About this exercise:
Every line from the one with "แม็คโคร จับมือกระทรวงพาณิชย์ ช่วยคนไทยสู้วิกฤตค่าครองชีพ" to the one with "ROACHI throw up", including those two, is to be copied exactly; all other lines of the entries below are left out.

Provided information:
═══
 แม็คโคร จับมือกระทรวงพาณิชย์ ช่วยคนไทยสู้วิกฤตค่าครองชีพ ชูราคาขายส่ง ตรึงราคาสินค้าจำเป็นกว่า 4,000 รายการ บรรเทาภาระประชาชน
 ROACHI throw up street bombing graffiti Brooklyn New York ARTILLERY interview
═══
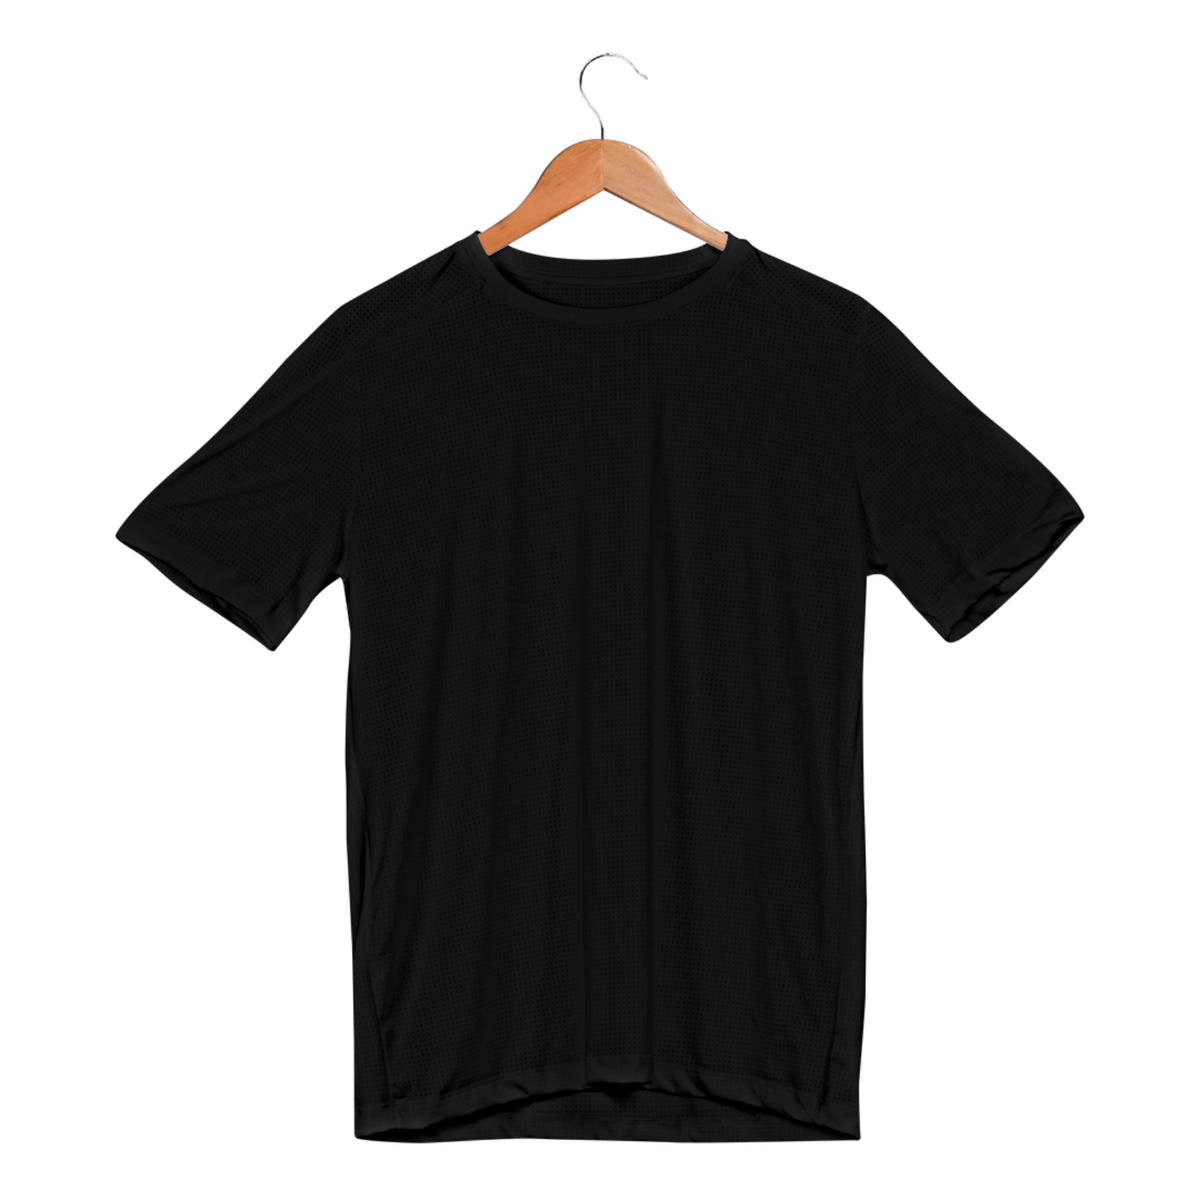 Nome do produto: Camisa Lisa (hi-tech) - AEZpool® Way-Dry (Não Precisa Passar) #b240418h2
═══
Task output:
 แม็คโคร จับมือกระทรวงพาณิชย์ ช่วยคนไทยสู้วิกฤตค่าครองชีพ ชูราคาขายส่ง ตรึงราคาสินค้าจำเป็นกว่า 4,000 รายการ บรรเทาภาระประชาชน
 ROACHI throw up street bombing graffiti Brooklyn New York ARTILLERY interview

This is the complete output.